Like recent versions of TYPE , less lets you browse files
in both directions. It also accepts several commands that are issued
pressing a key. The most useful are:
- first of all, press
q to leave the browser;
-
h gives you extensive help;
-
g to go to beginning of file, G to the end, number+g
to go to line `number' (e.g. 125g ), number+% to move to that
percentage of the file;
-
/pattern searches forwards for `pattern'; n searches
forwards for the next match; ?pattern and N search backwards;
-
m +letter marks current position (e.g. ma ); ' +letter go
to the marked position.
-
:e examines a new file;
-
!command executes the shell command.
Alas, Linux doesn't still support file version numbers, but you overcome
this limitation in two ways. The first is to use RCS, the Revision Control
System, which allows you to keep previous versions of a file.
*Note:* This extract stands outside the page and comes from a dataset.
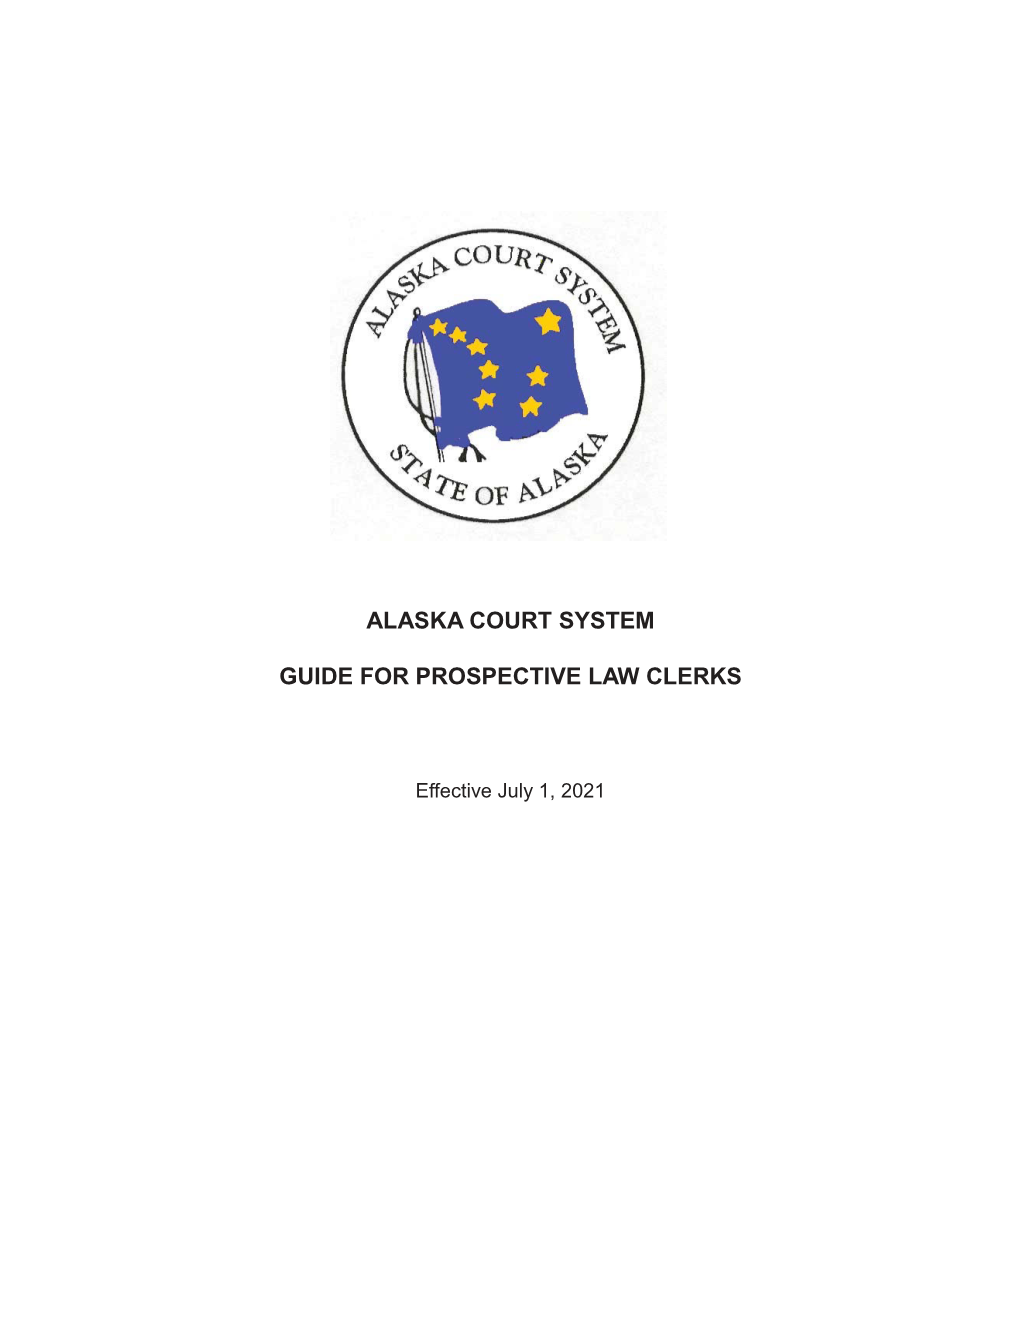 General Information for Prospective Law Clerks – Effective July 1, 2021

RCS is
covered in ``The RCS MINI-HOWTO'' (
http://sunsite.unc.edu/mdw/HOWTO/mini/RCS.html).
The second way is to use an editor that knows how to deal with numbered
backups; emacs and jed are OK. In emacs , add
these lines in your .emacs :
(setq version-control t)
(setq kept-new-versions 15) ;;; or any other value
(setq kept-old-versions 15)
(setq backup-by-copying-when-linked t)
(setq backup-by-copying-when-mismatch t)
In jed , make sure you have version 0.98.7 or newer; the patch for
numbered backups is available on
http://ibogeo.df.unibo.it/guido/slang/backups.sl .
Under UNIX there are some widely used applications to archive and
compress files. tar is used to make archives, that is collections of
files. To make a new archive:
$ tar -cvf <archive_name.tar> <file> [file...]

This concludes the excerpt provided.